C'est l'erreur qui ressemble à un gain jusqu'à ce que tu la mesures. Tu charges un composant en lazy, et ce composant va chercher ses propres données après son montage. Maintenant l'utilisateur attend deux fois, l'une après l'autre : d'abord le code du composant qui se télécharge, puis ses données qui se chargent. Tu as transformé une attente en deux.

Le correctif est de ne pas laisser les deux attentes s'empiler. Lance la récupération des données le plus tôt possible, pour qu'elles chargent en parallèle du chunk plutôt qu'après lui. Avec un router, fetch dans un loader de route. Sinon, déclenche la requête avant ou en parallèle de l'import dynamique, plutôt que dans un useEffect qui ne s'exécute qu'une fois le composant monté. Le composant doit arriver et trouver ses données déjà en chemin, pas démarrer le chrono à zéro.

Les chunks qui échouent ont besoin d'une Error Boundary

Suspense gère l'état de chargement. Il ne gère pas l'échec. Et les chunks lazy échouent plus souvent qu'on ne le croit : le réseau de l'utilisateur tombe en plein téléchargement, ou, le cas classique, tu déploies une nouvelle version pendant que quelqu'un a l'ancienne page ouverte. Son navigateur demande un hash de chunk qui n'existe plus sur ton serveur, et l'import rejette.
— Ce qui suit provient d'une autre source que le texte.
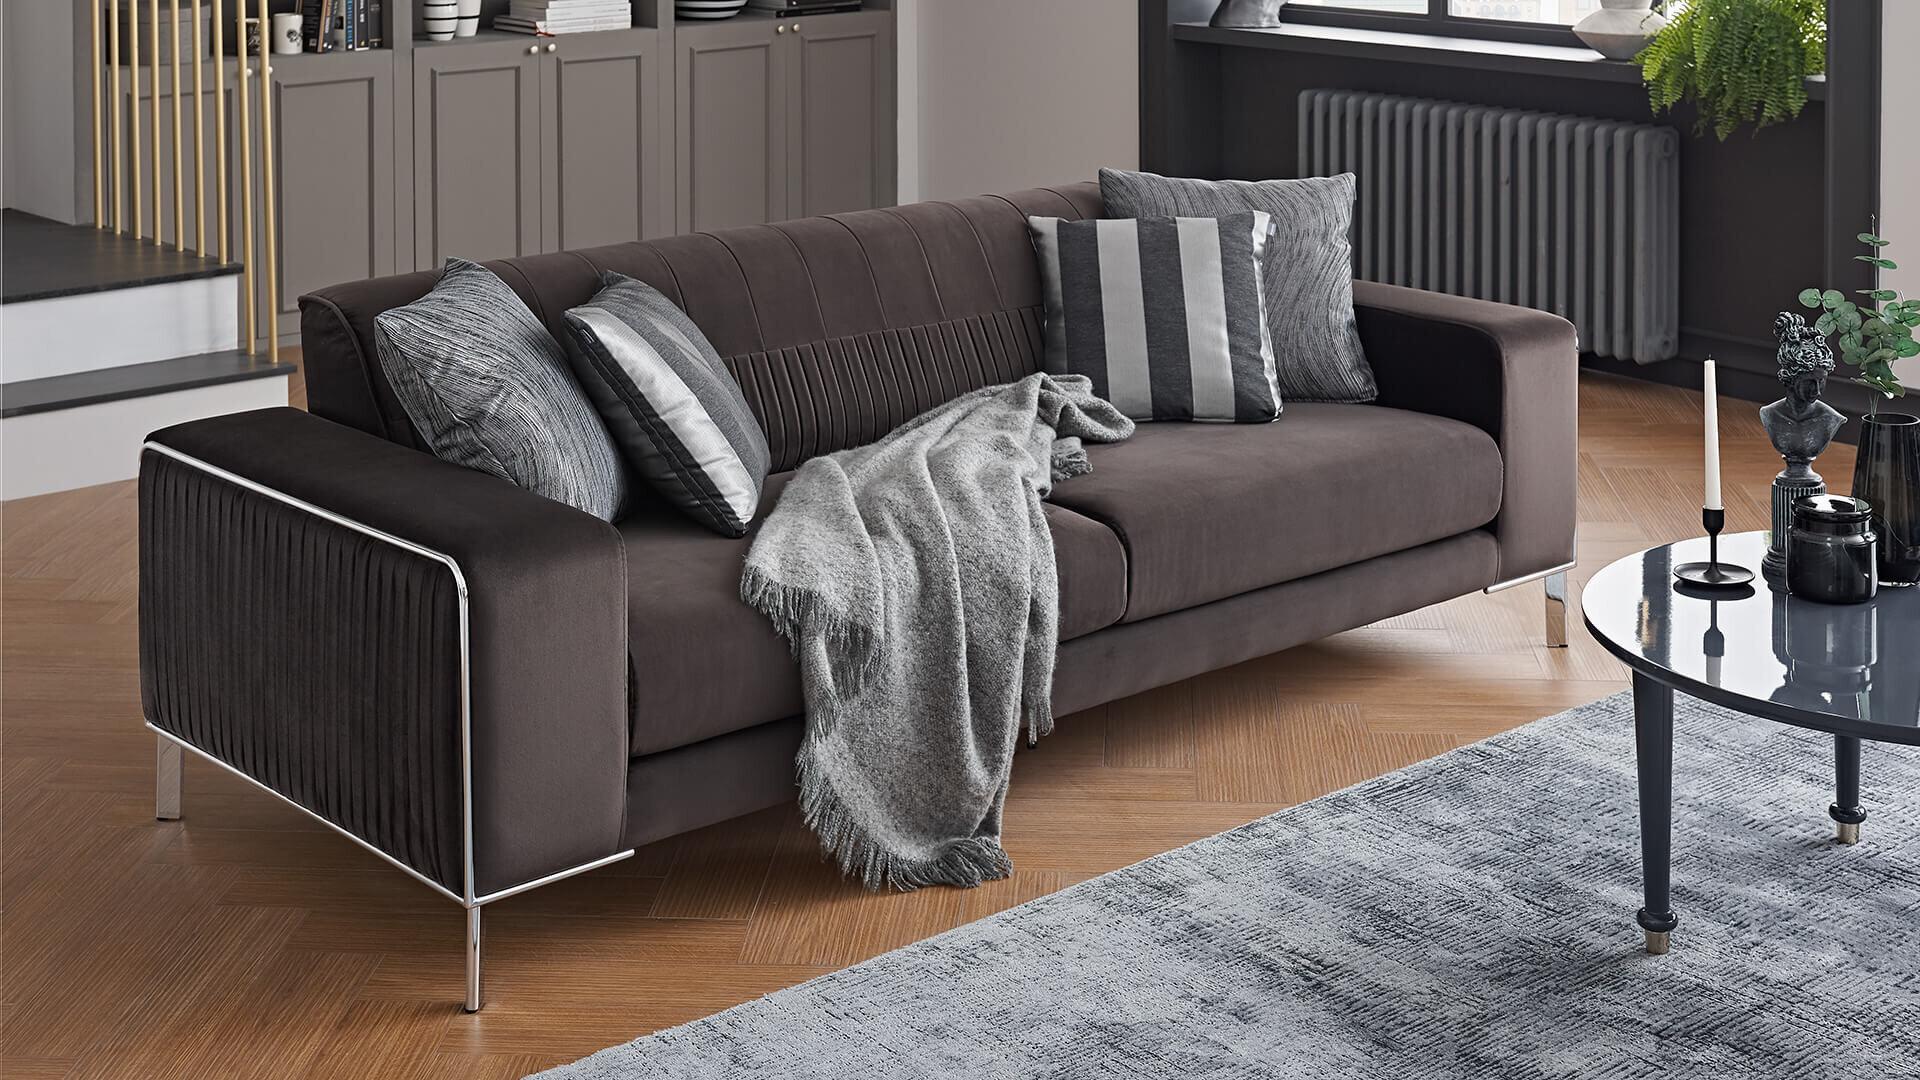 Adel Three Seater Sleeper Sofa

Sans gestion, cette Promise rejetée remonte et peut faire tomber tout l'arbre. Le correctif est une Error Boundary autour de la partie lazy, avec un moyen de récupérer :

// src/components/ChunkErrorBoundary.tsx
import { Component, type ReactNode } from "react";
 
export class ChunkErrorBoundary extends Component<
  { children: ReactNode; fallback: ReactNode },
  { hasError: boolean }
> {
  state = { hasError: false };
 
  static getDerivedStateFromError() {
    return { hasError: true };
  }
 
  render() {
    if (this.state.hasError) return this.props.fallback;
    return this.props.children;
  }
}
// src/pages/ArticlePage.tsx
<ChunkErrorBoundary
  fallback={
    <button onClick={() => window.location.reload()}>
      Échec du chargement. Recharger
    </button>
  }
>
  <Suspense fallback={<EditorSkeleton />}>
    <Editor articleId={article.id} />
  </Suspense>
</ChunkErrorBoundary>

Pour le cas précis du mismatch de déploiement, recharger la page est en général la bonne récupération : ça tire le HTML frais qui pointe vers les nouveaux hash de chunks. L'idée est qu'un split qui échoue doit se dégrader en un message récupérable, pas en un écran blanc.
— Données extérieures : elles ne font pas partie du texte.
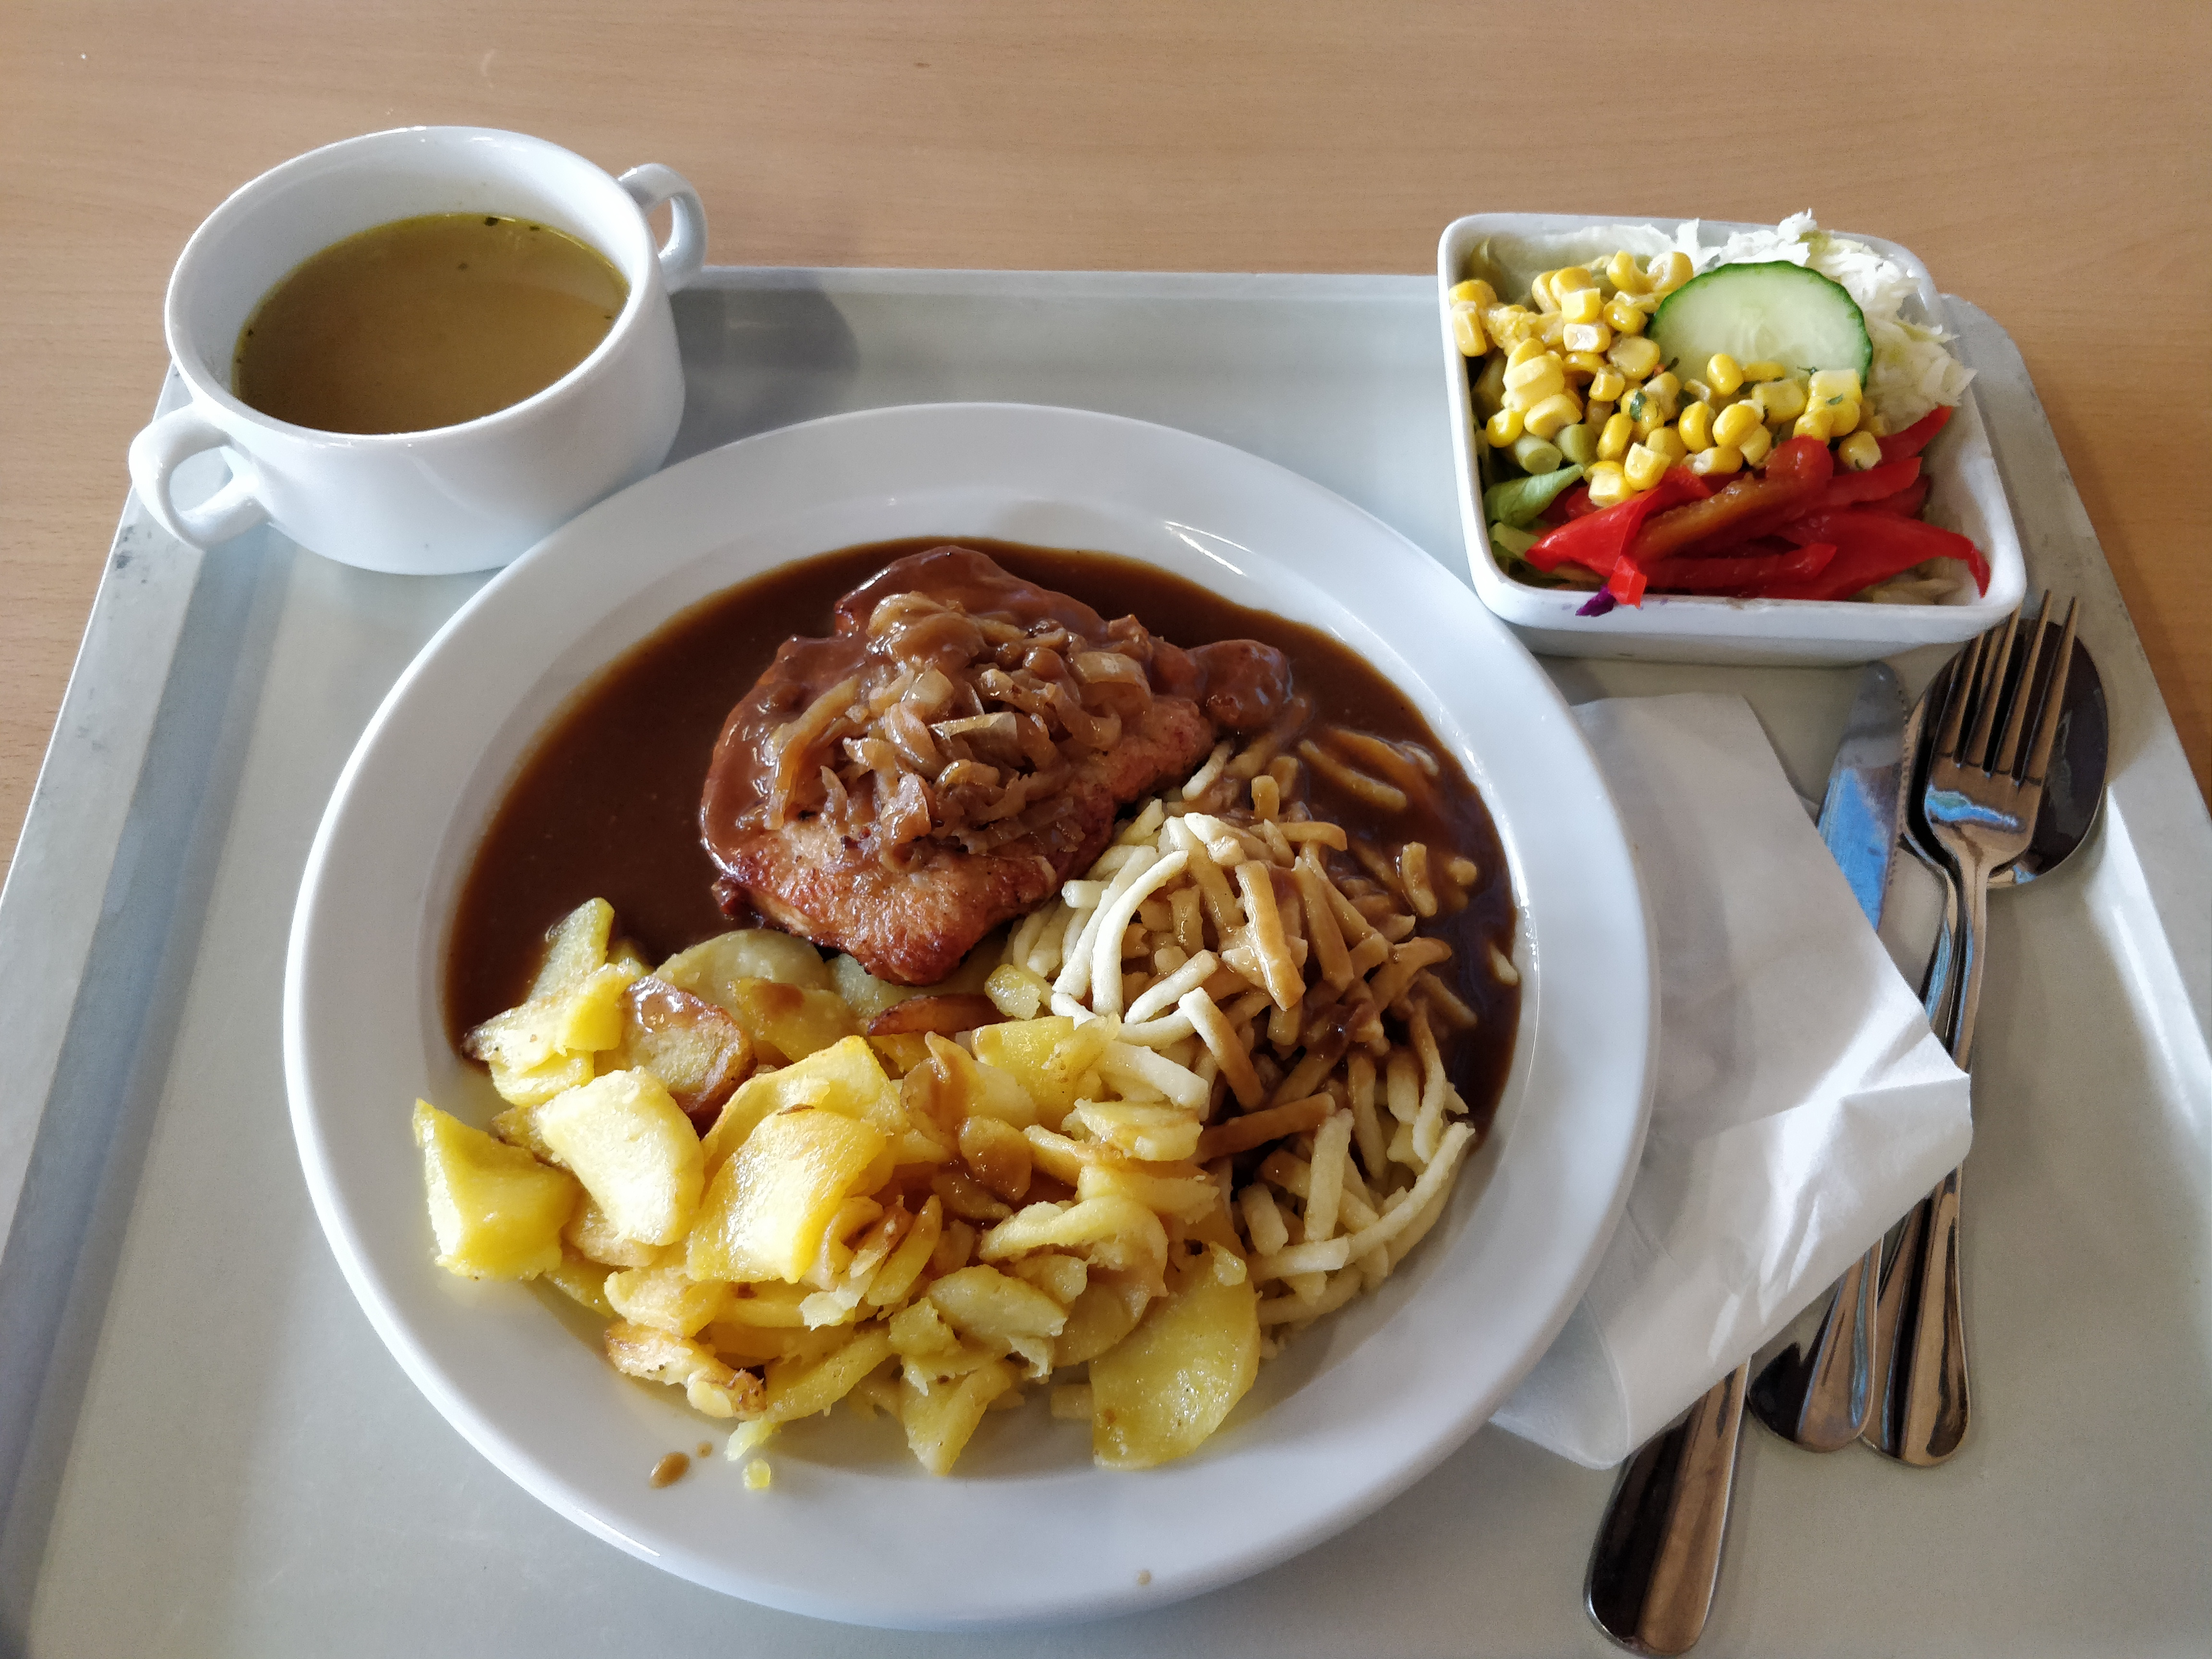 https://foodloader.net/nico_2018-12-05_zwiebelrostbraten-bratkartoffeln-spaetzle-suppe-salat.jpg

Pourquoi ça compte pour le produit

C'est facile de traiter le code splitting comme une métrique de taille de bundle. Le vrai sujet, ce sont les premières secondes de l'utilisateur.

Quand tu retires du code du bundle initial, le navigateur a moins à télécharger, parser et compiler avant que la page puisse répondre. Ça se voit directement dans les métriques qui décrivent ce que la page donne comme ressenti : moins de travail sur le thread principal au démarrage (celui qui fait grimper le Total Blocking Time), et un chemin plus court vers le contenu pour lequel l'utilisateur est venu. Une page qui "a l'air prête" mais qui ignore les clics est une page qui a envoyé trop de JavaScript d'entrée. La découpe est l'un des moyens les plus directs de fermer cet écart entre l'air-prêt et le vraiment-prêt.

Le modèle mental que je garde : le bundle initial, c'est ce que chaque utilisateur paie, à chaque visite, y compris le téléphone lent dans un train. Tout le reste peut être chargé quand, et si, c'est nécessaire. Ton boulot est d'être honnête sur ce qui est quoi.

Si tu fais ça dans ta propre app, commence par le découpage par route, parce que c'est le meilleur ratio gain/effort, puis cherche le ou les deux composants lourds que la plupart de tes utilisateurs n'ouvrent jamais. Mesure avant et après avec un bundle analyzer et un run Lighthouse, pas au feeling.